MARC’s Chairman, En Mohammad Abdullah, in his speech said that 2008 was a challenging year for the domestic debt capital markets. “The first three quarters of 2008 saw robust new bonds issuances totaling RM43.5 billion, but new bond issuances dropped considerably in the fourth quarter to RM5.1 billion. Total new bonds issuances in 2008 fell to RM48.6 billion from RM54 billion in 2007.”

MARC’s Chief Executive Officer, En Mohd Razlan Mohamed commented that the global economic turmoil will result in continued risk aversion towards lower rated corporate bonds.
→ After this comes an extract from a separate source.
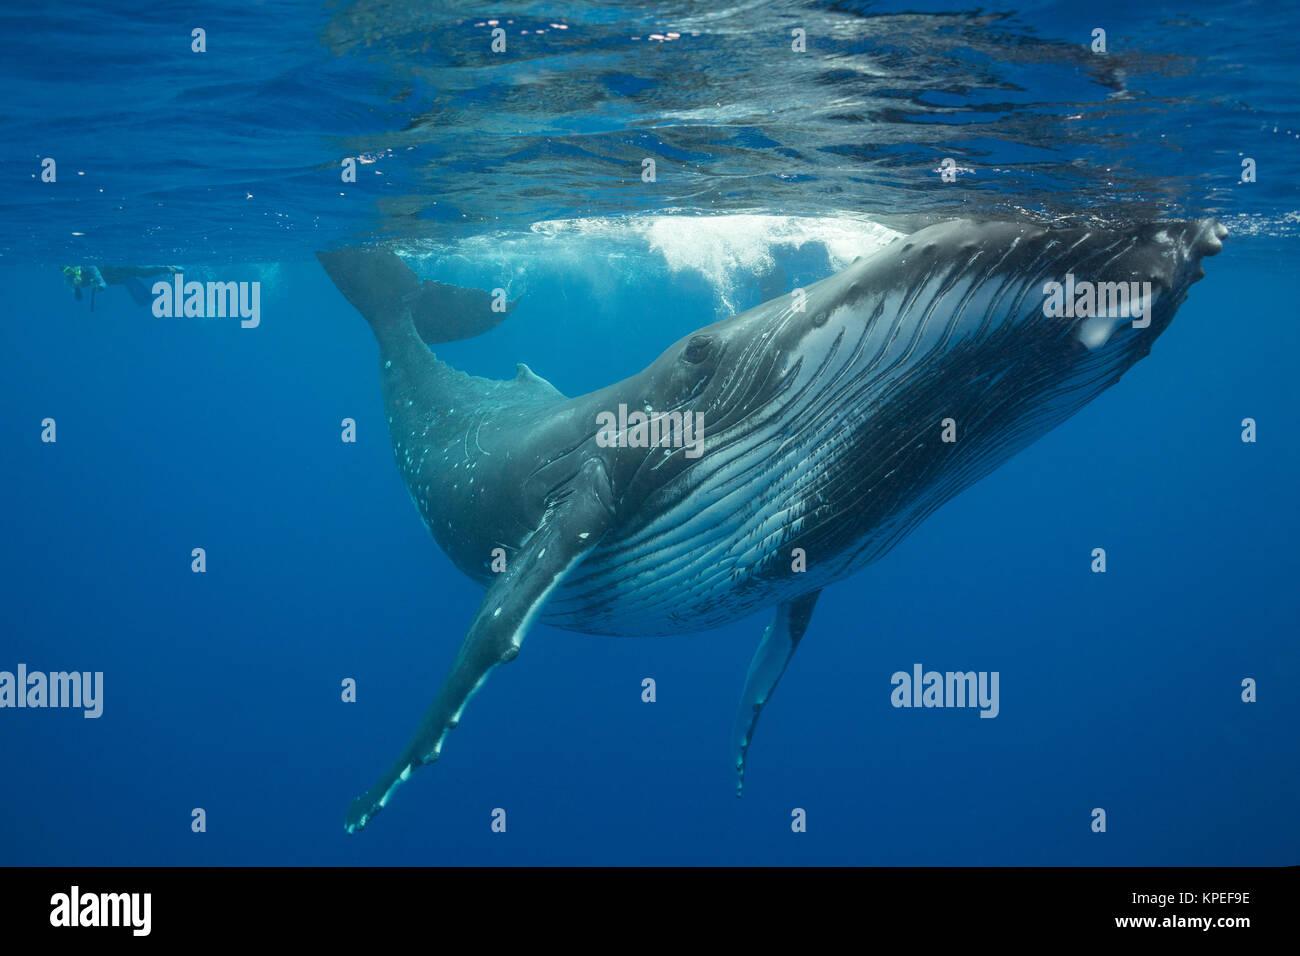 La ballena jorobada, Megaptera novaeangliae, y nadadores, Vava'u, Tonga, Pacífico Sur, MR 497 Imagen De Stock

“A flight to safe haven investments such as government bonds is expected to persist going forward. Given this challenging environment, the value of new corporate bonds issuances is expected to drop to around RM25 to RM30 billion,” Razlan said. He envisages the government will continue to be proactive in its intervention policy to ensure that the domestic bond market remains relevant to both issuers and investors.

The Lead Managers Appreciation Night is held annually to showcase Malaysia’s top achievers in bringing MARC-rated bond deals to the market. The awards presented by Y.B. Tan Sri Nor Yakcob, are highly coveted by capital market players.